* _Data for this exercise_:
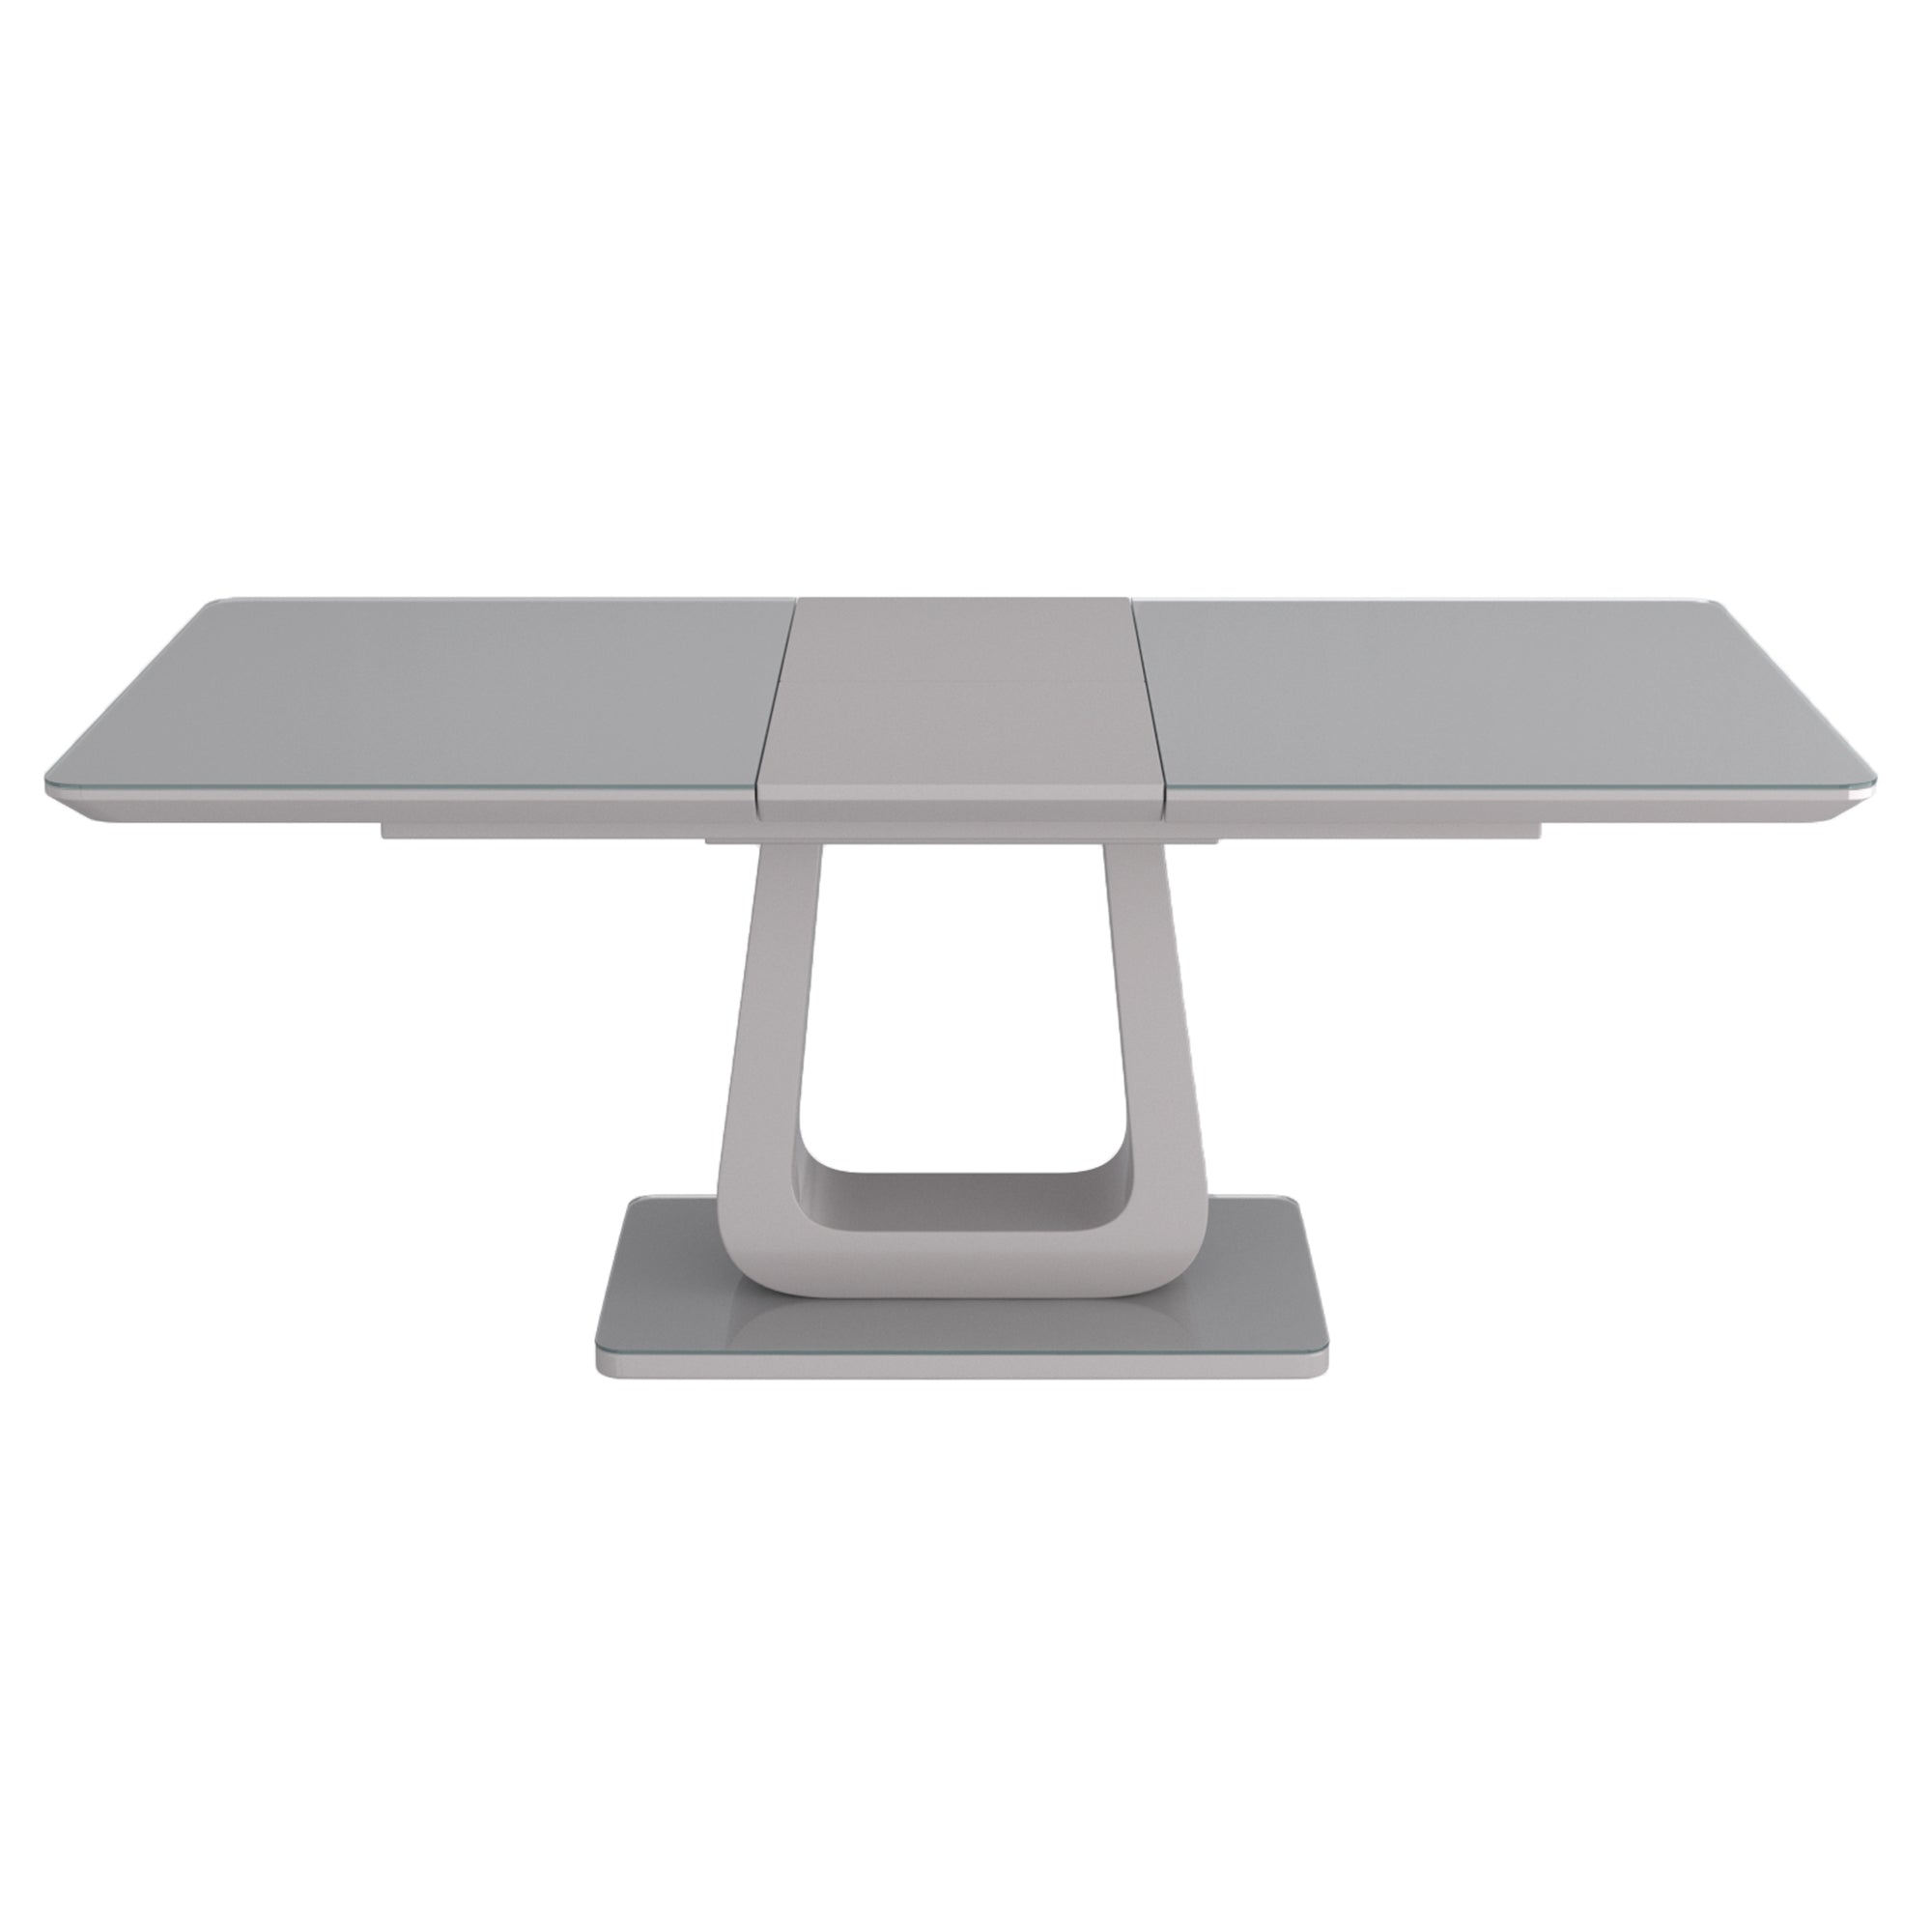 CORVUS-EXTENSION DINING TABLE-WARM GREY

---

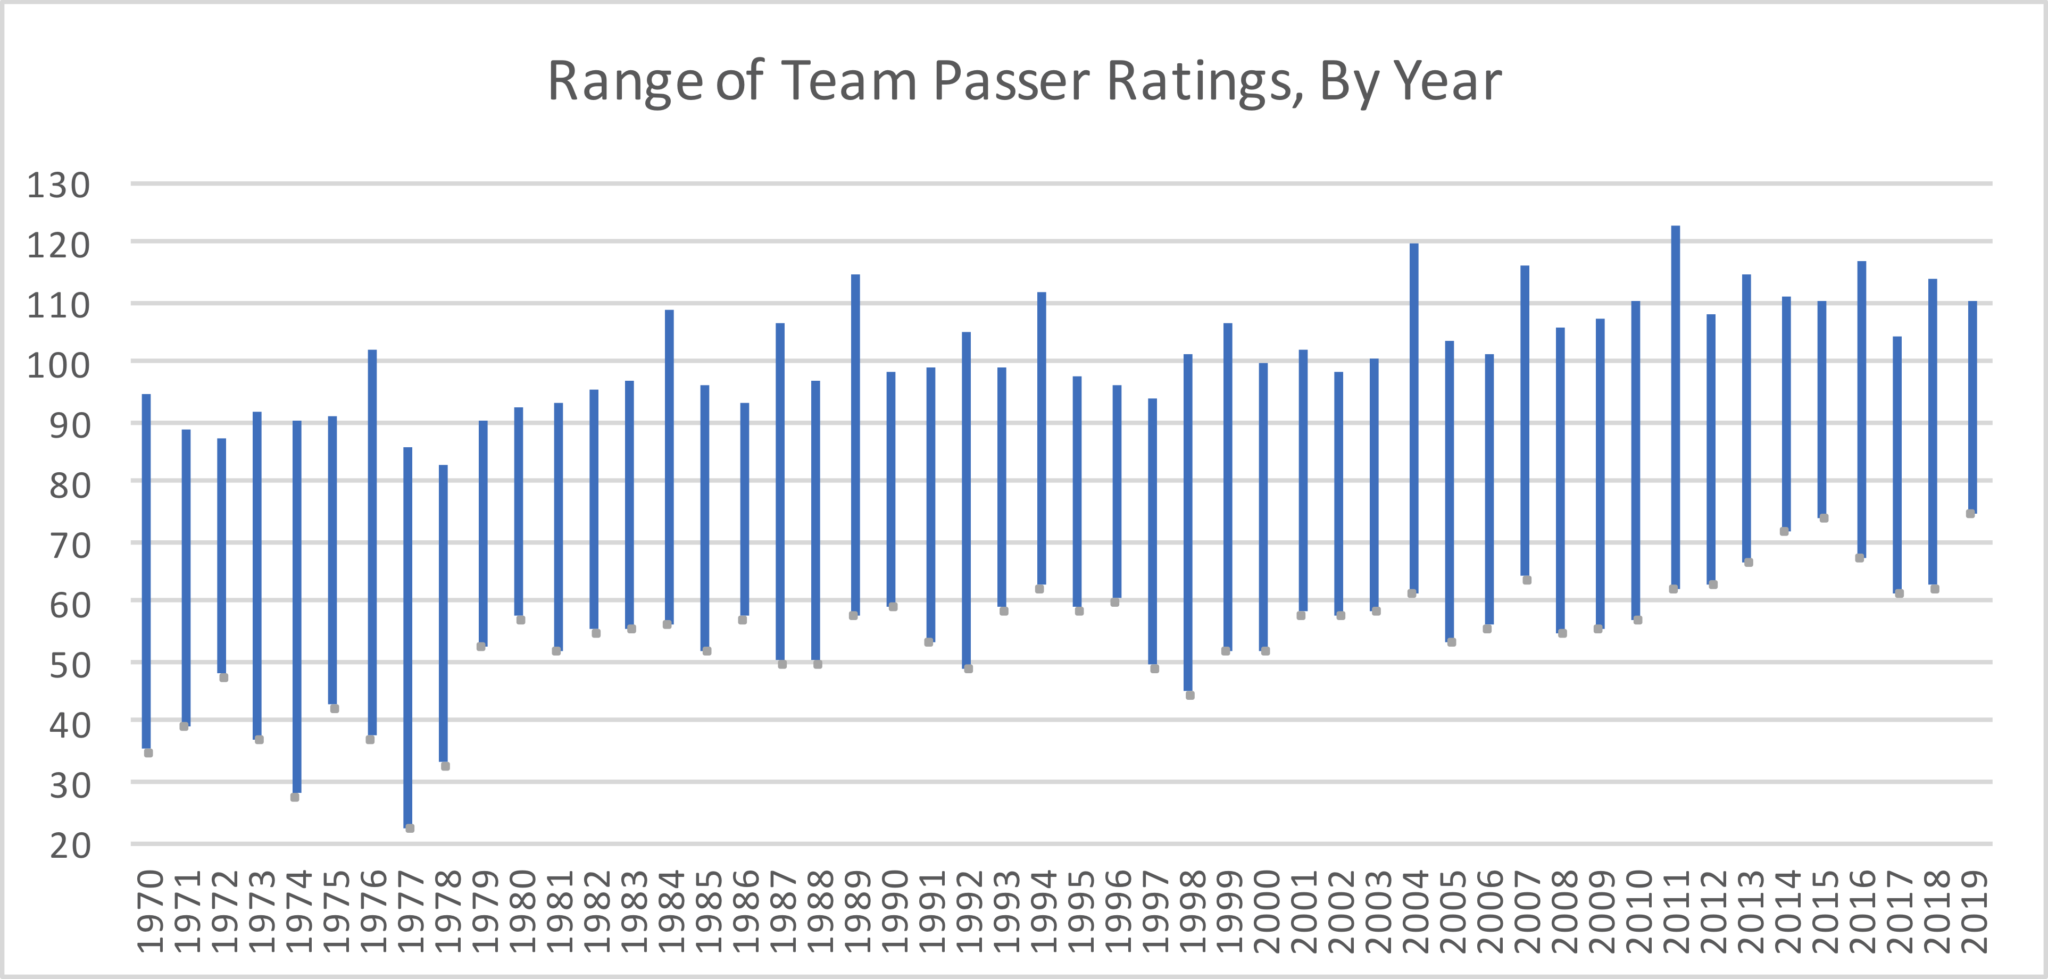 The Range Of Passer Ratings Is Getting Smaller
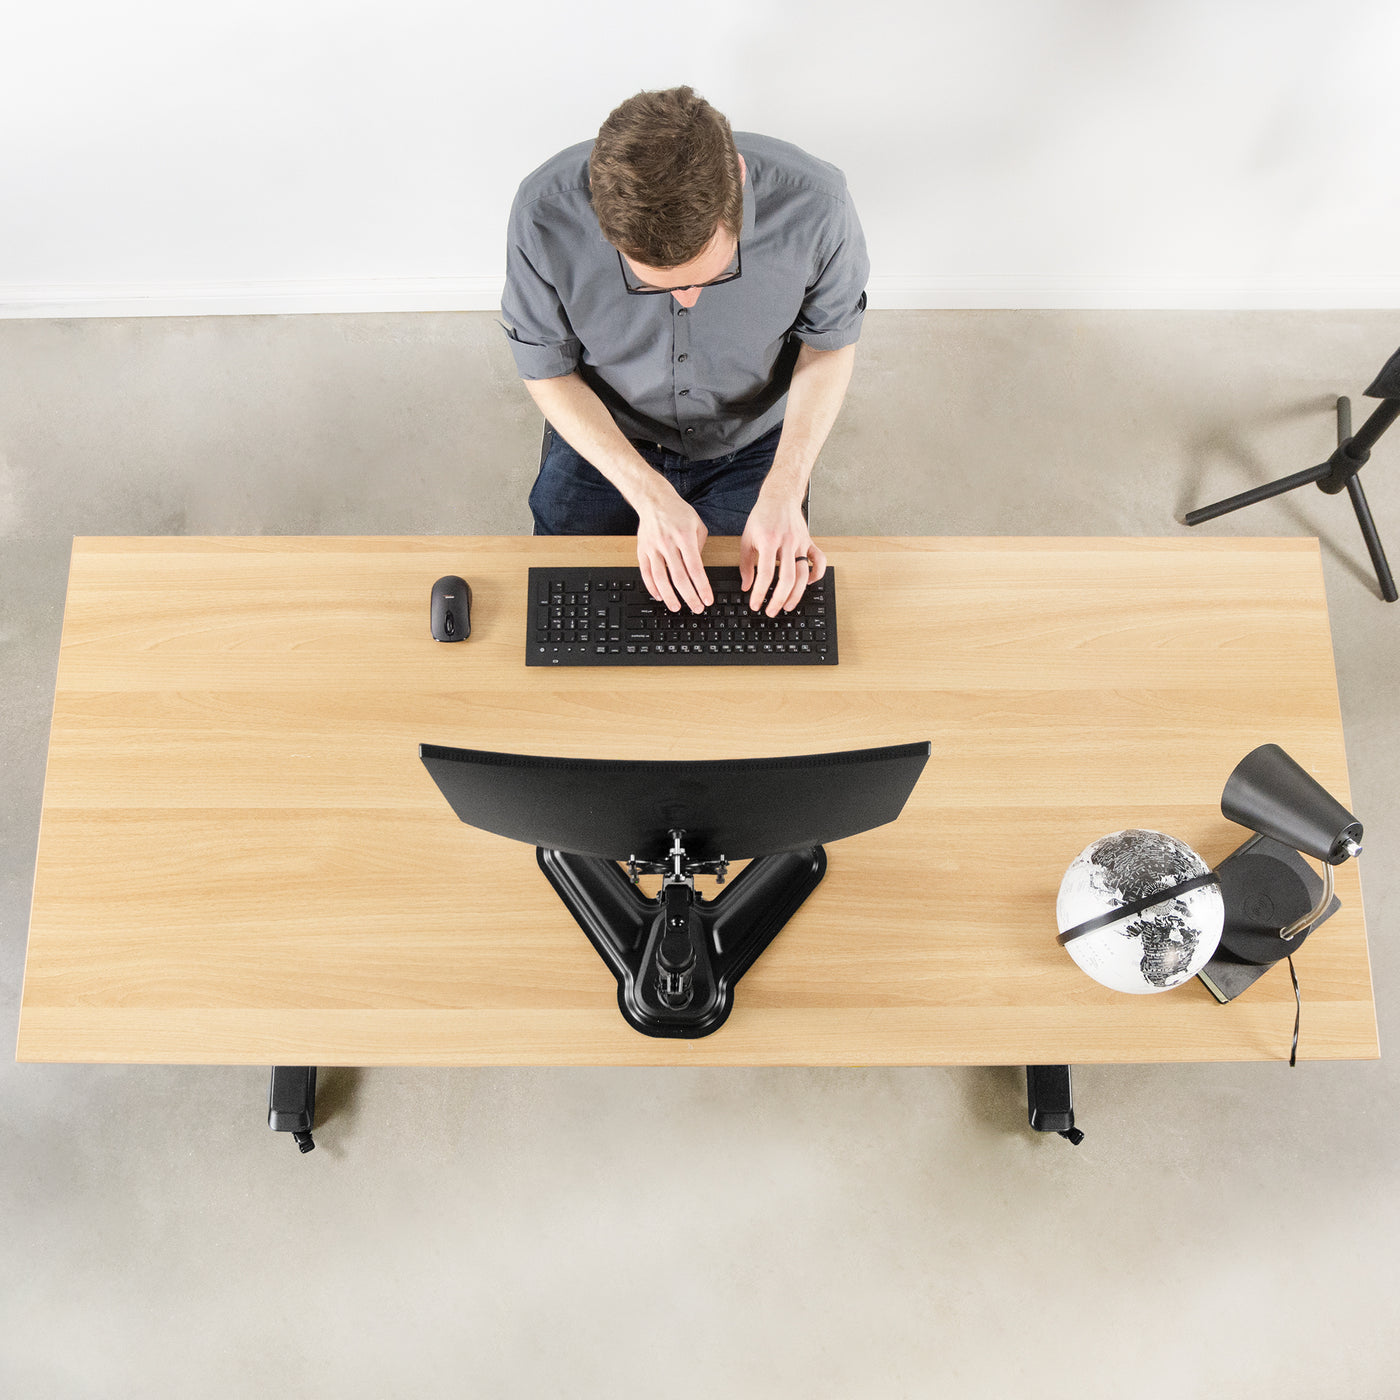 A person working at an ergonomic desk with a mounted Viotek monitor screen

* _Try it_: Print, exactly, each line above from the one with "The Range Of" to the one with "A person working", end lines included. Leave pictures out of it.

* _Response to the exercise_:
 The Range Of Passer Ratings Is Getting Smaller
 A person working at an ergonomic desk with a mounted Viotek monitor screen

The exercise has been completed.